- _The task_
Your answer must be exactly the lines from the one containing "Kershaw Swerve Knife With SpeedSafe" through the end of the material, both ends included, without pictures.

- _Information shown_

BEGIN

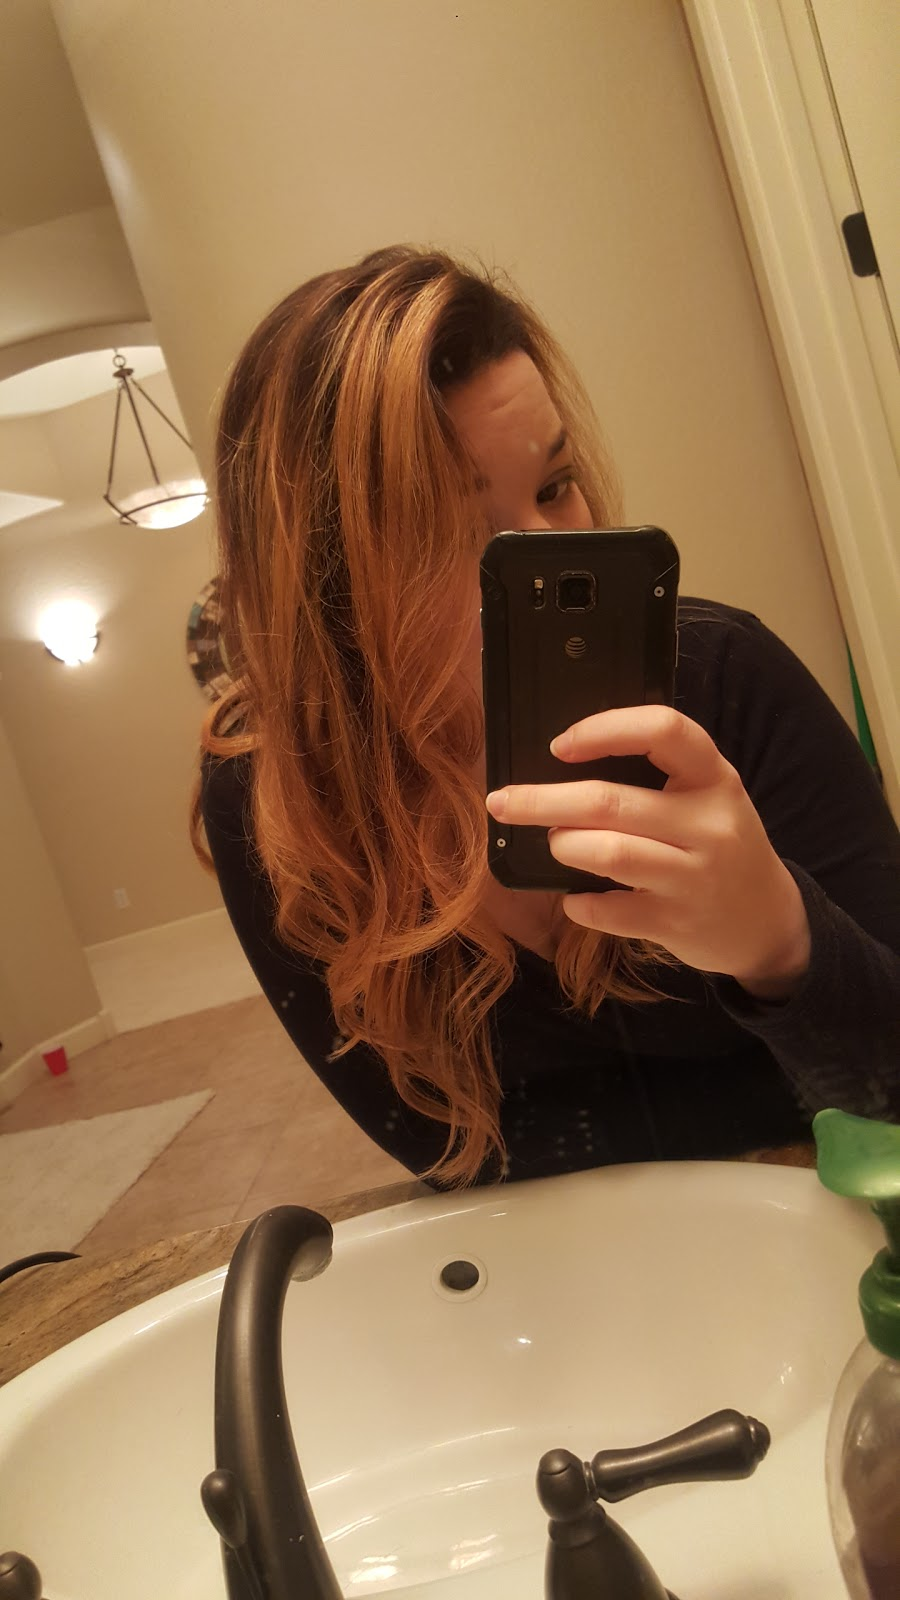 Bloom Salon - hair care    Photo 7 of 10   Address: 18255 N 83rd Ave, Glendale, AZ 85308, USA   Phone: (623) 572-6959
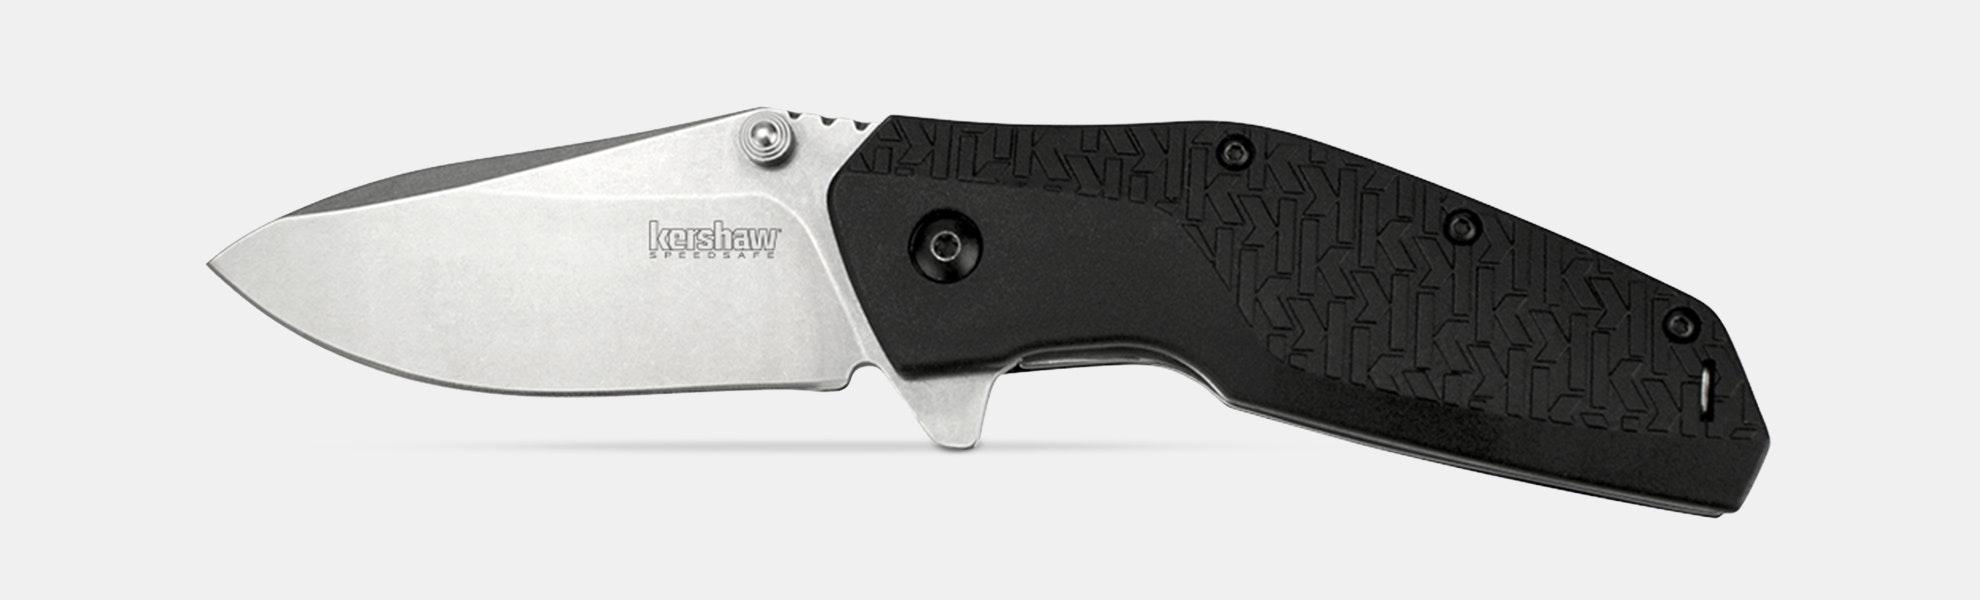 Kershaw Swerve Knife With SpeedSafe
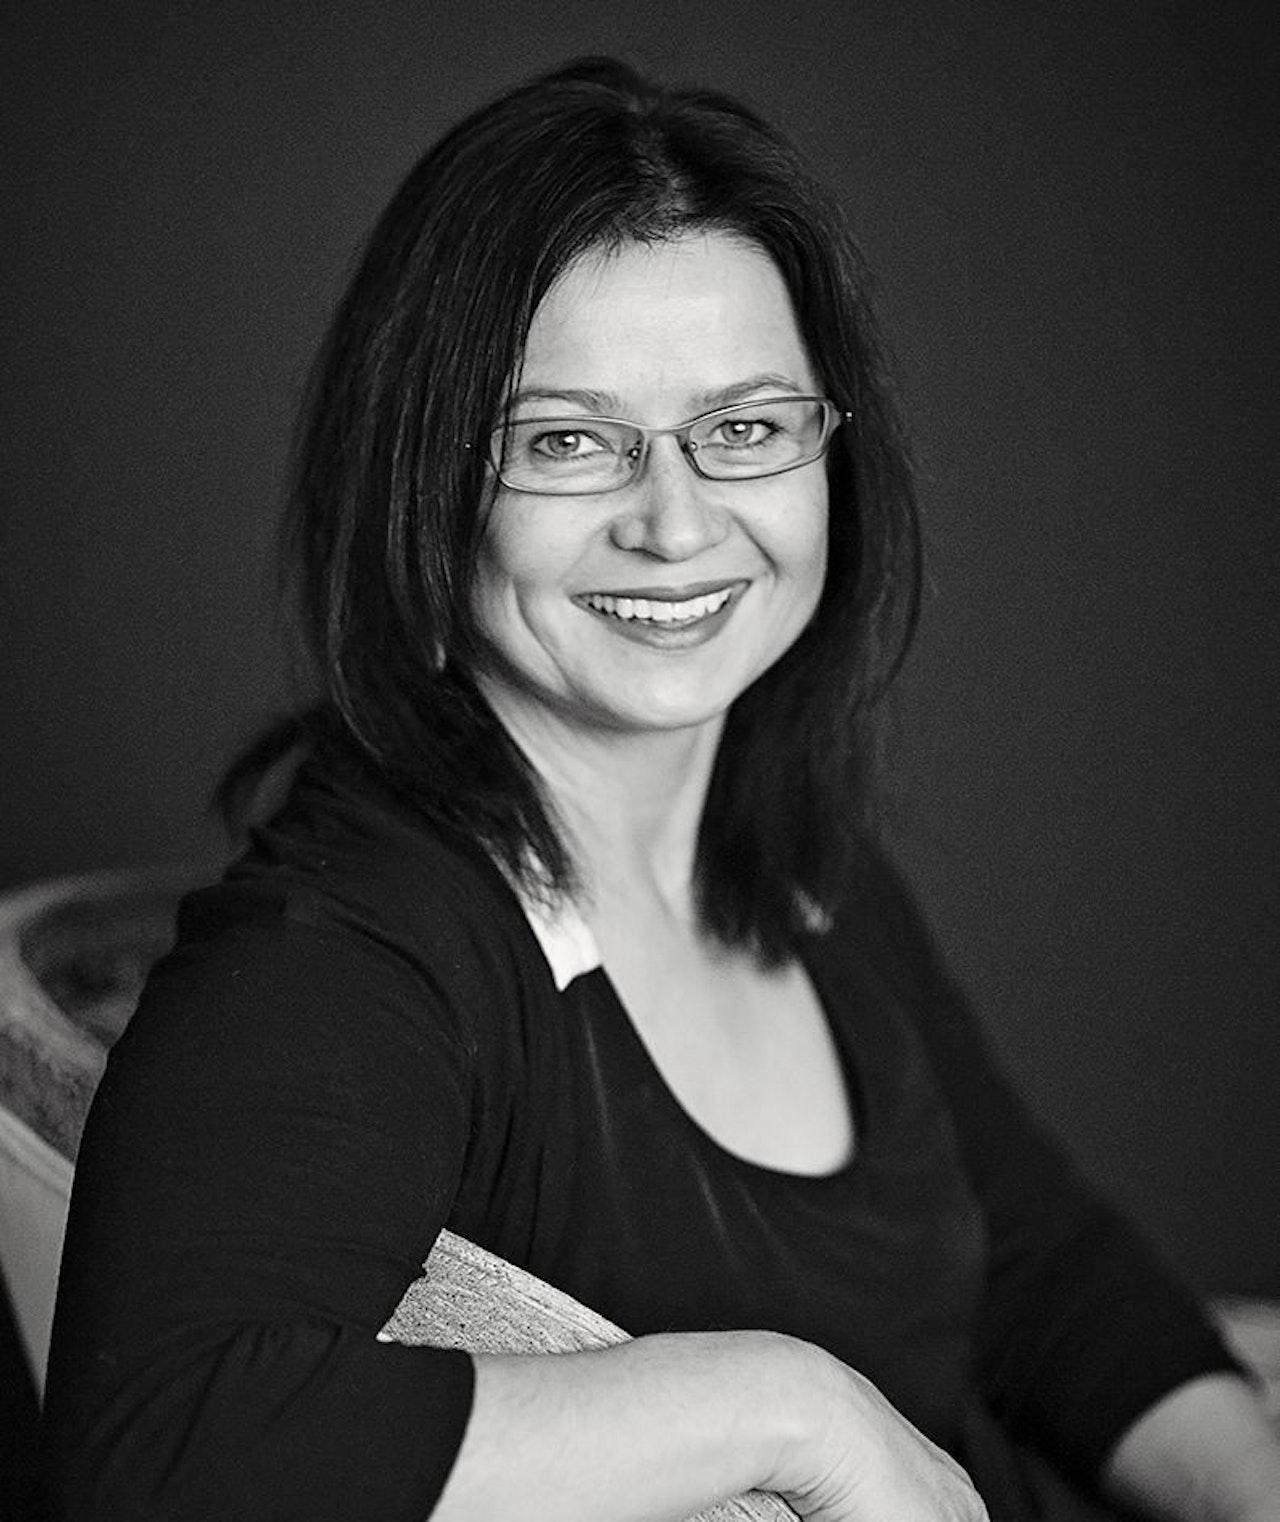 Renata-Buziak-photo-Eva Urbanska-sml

END

- _Answer to the exercise_
 Kershaw Swerve Knife With SpeedSafe
 Renata-Buziak-photo-Eva Urbanska-sml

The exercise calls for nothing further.